Here’s how Kevin put it, with a bit of emphasis added:
People are going to view this action through their own lens and decide whether or not to support it using their own judgement. For me, I think that it is a way of sending a message to the political powers (elected officials, bureaucrats, business alliances, etc.) that they can’t use Portland’s “bike culture” to promote their own interests and simultaneously snub those who have created it. The City and its businesses sell Portland’s bike-friendliness to promote tourism and as a way of attracting progressive professionals, yet they have refused to invest the time, energy or capital necessary to improve or even sustain the elements that create it. They use Chris King Components and the UBI as backdrops when convenient. They publish photos of swarms of cyclists crossing the Hawthorne Bridge or riding along the waterfront in their glossy promotional materials. Then they do something like refuse to remove a handful of parking spaces on 28th or ban cycling in River View.

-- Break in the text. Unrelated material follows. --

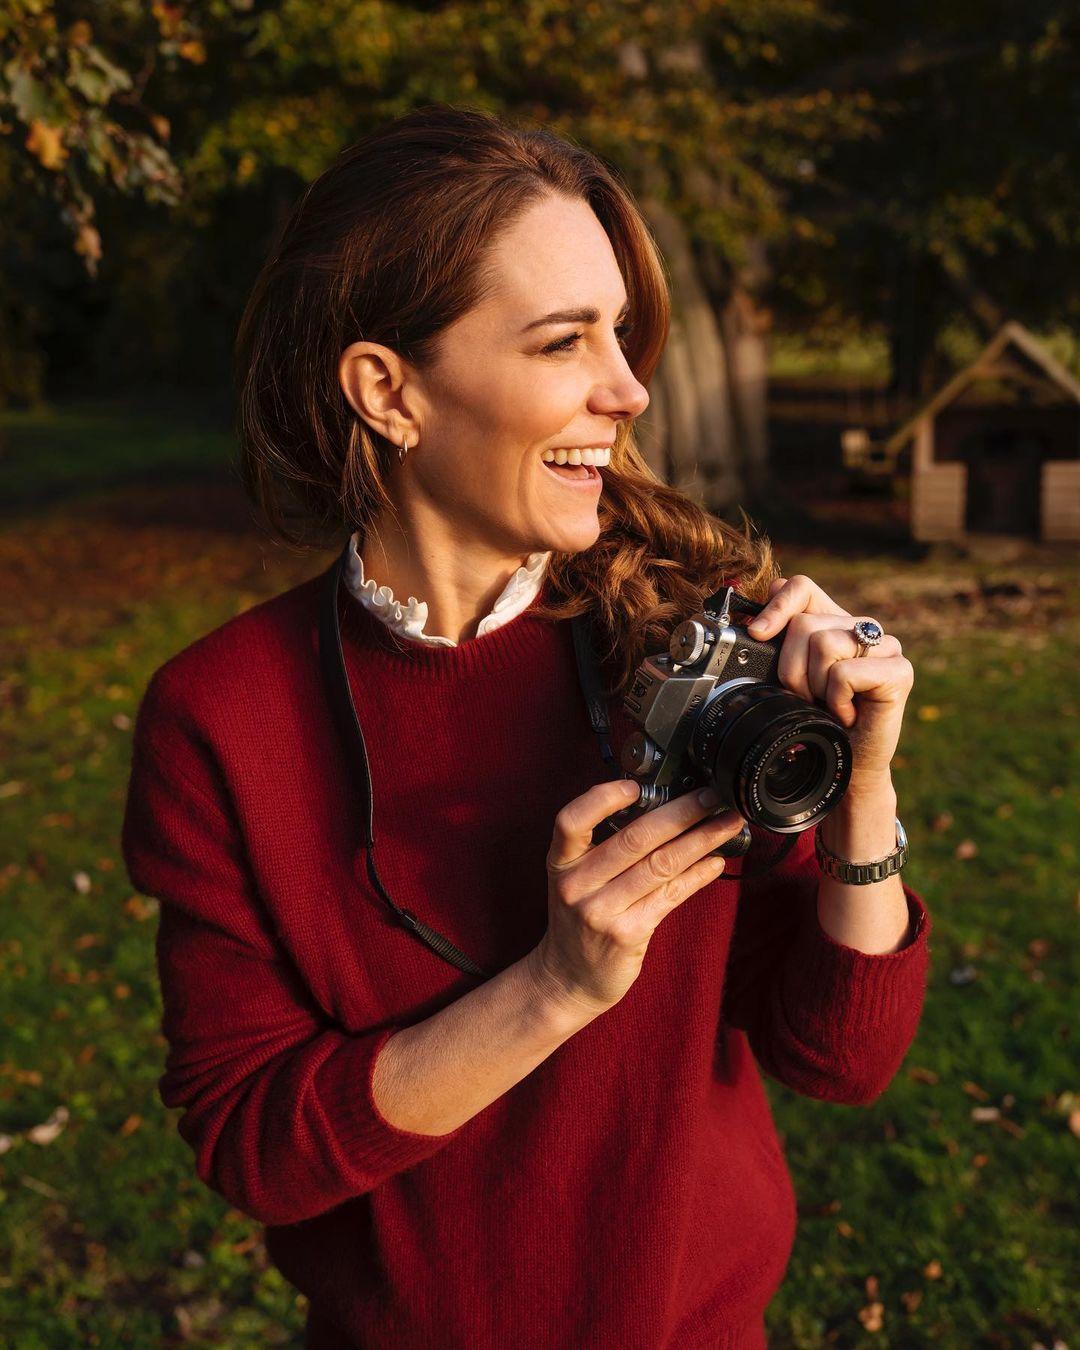 Кейт Міддлтон випустила фотокнигу про пандемію у Великобританії

Simply put, I think a lot of folks are tired of being props.
Those with power use the Platinum Level designation when it’s convenient. This petition is a statement to take that tool away from them if they refuse to see cycling and cyclists as nothing more than symbols that can be trotted out when desired and then shoved back in a sealed box until the next photo op. Many cities are actively striving to improve cycling for a multitude of reasons. Portland is coasting and benefiting from a reputation once relevant but now stagnant.

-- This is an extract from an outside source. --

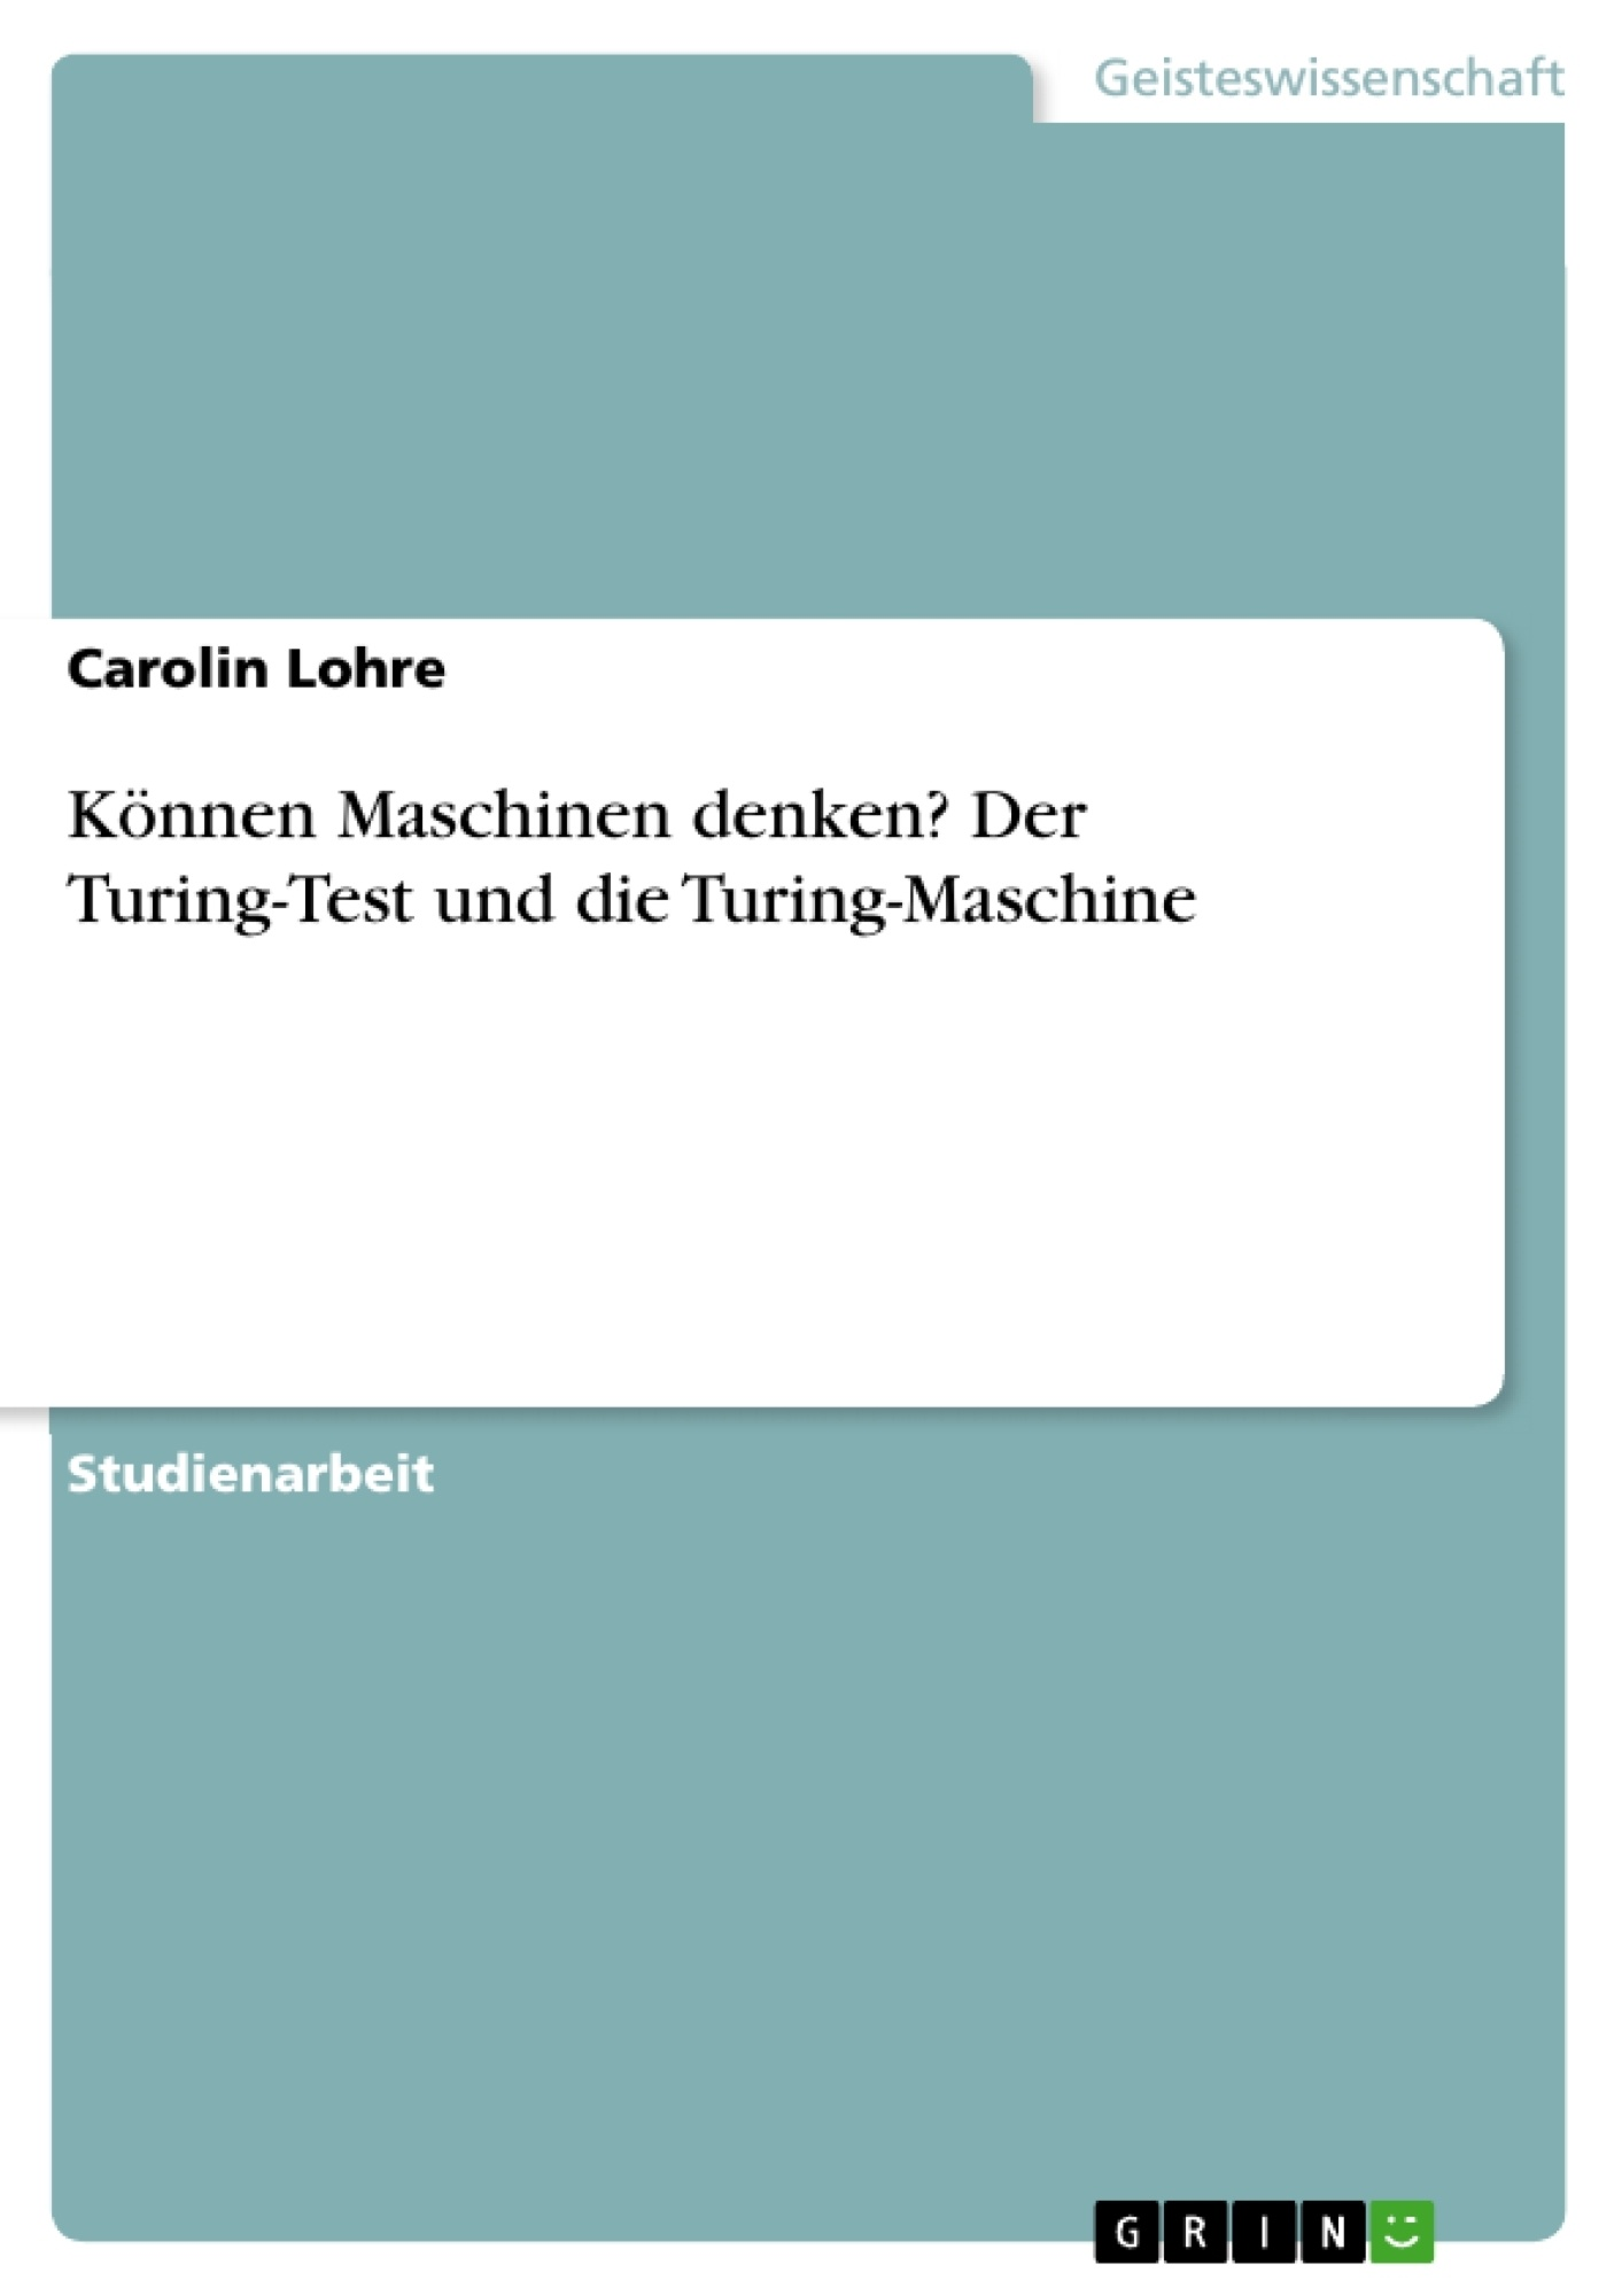 Titel: Können Maschinen denken? Der Turing-Test und die Turing-Maschine

I’m not saying that Portland is a bad place to ride a bike. Far from it! I feel happier and safer riding around town for commuting and recreation purposes than I have in any other place I’ve lived. But the desire to improve is not shared by those who control investment.
This effort is symbolic, but many folks have advocated within the system in a number of ways for the last several years to no effect. Advisory committees, advocacy organizations, town-hall meetings, letter writing campaigns and the like have not been productive. There aren’t a lot of other avenues available. This is one. Let’s give it a shot.

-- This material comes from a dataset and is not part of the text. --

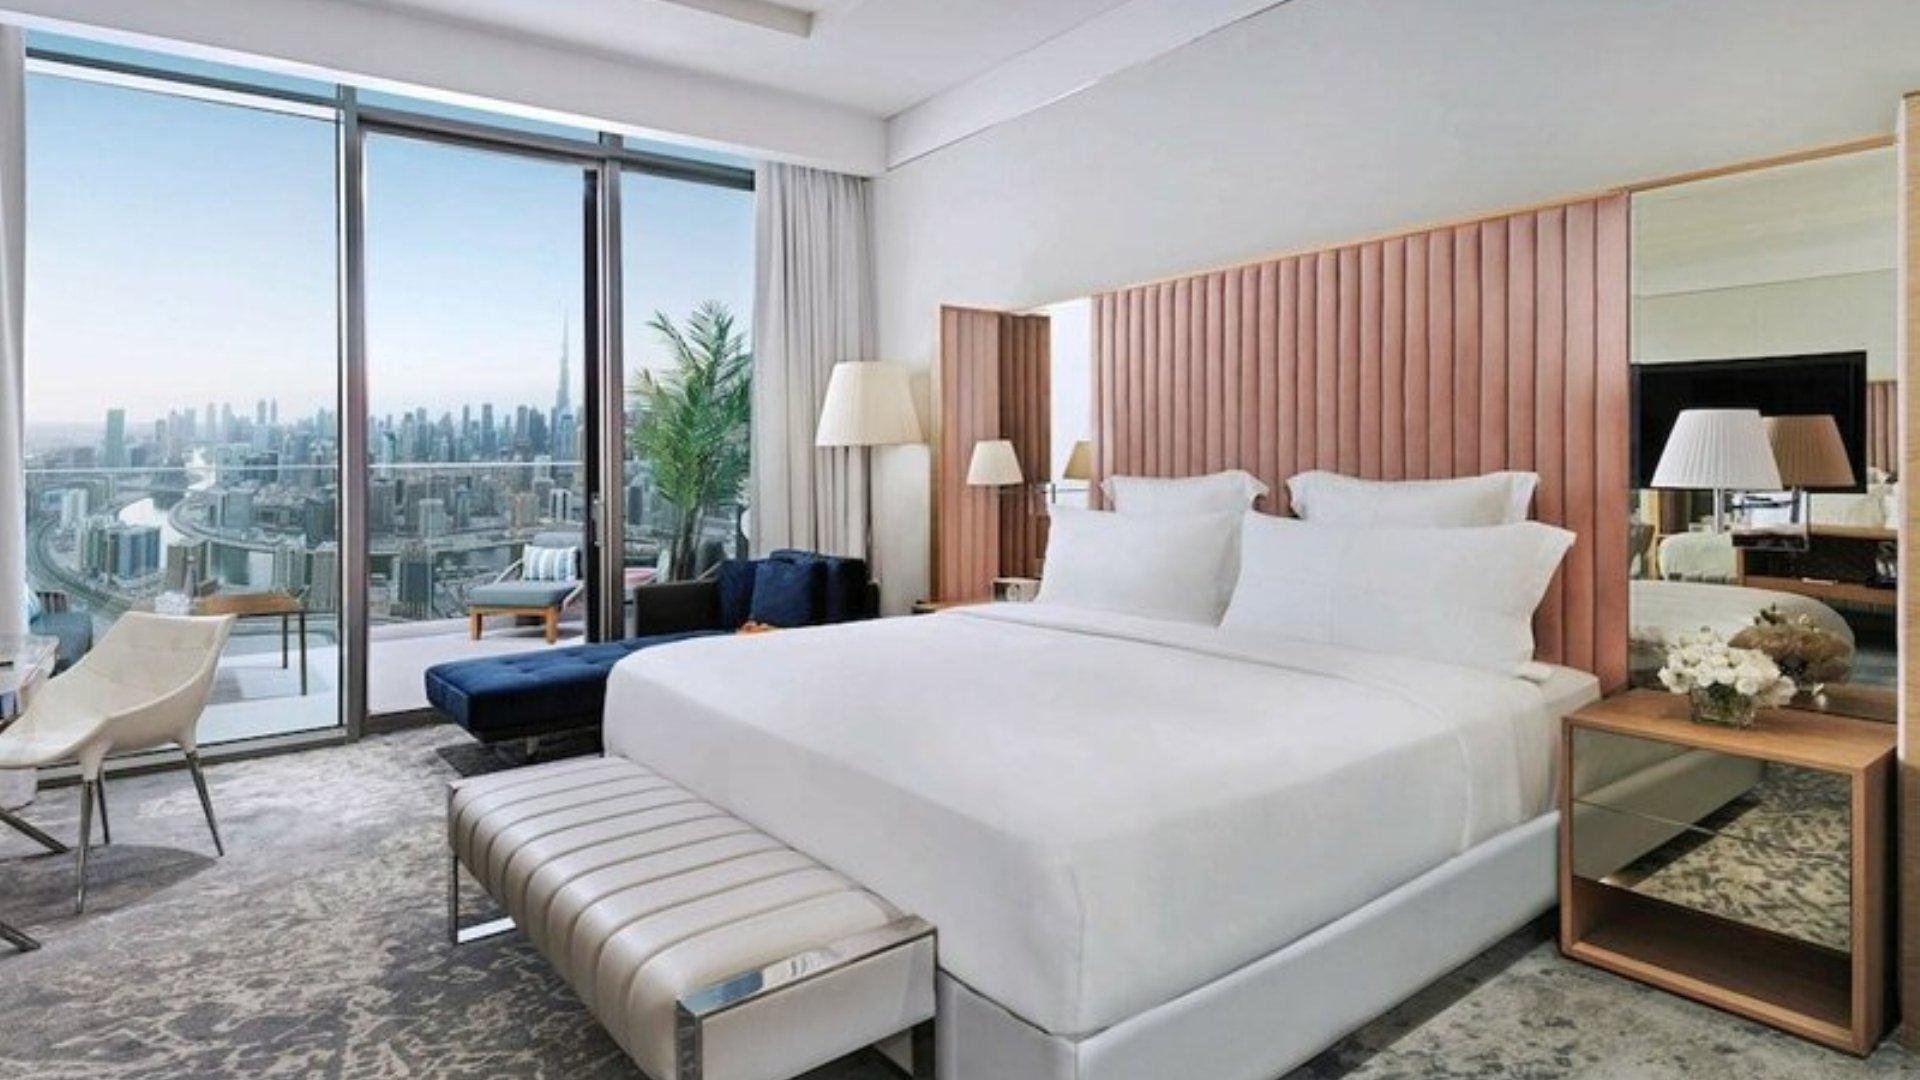 Apartamento en venta en Dubai, EAU, estudio, 62 m2, № 24347 – foto 1

A friend of mine once described the reason she and her friends were enthusiastic about Portland when she decided to move here in 2009: “bikes, books and beer.” These days she’s putting her big brain into solving problems for one of the city’s most promising tech companies.
In the global economy, cities compete by being unique. Many Portlanders probably assume that their city is going to keep reaping the benefits of being a unique national mecca for this common activity that millions of Americans are passionate about.
People who think that’s still our image haven’t talked to many newcomers lately.
As Kevin argues here, Portlanders arguing for a downgrade of our Platinum status aren’t just exercising what negotiating power they might have with the many people who’ve profited from Portland’s bikey identity. They’re trying to warn their city about a very real problem it faces.
Yes, we pay for good comments. We’ll be mailing $5 to Kevin in thanks for this great one. Watch your email!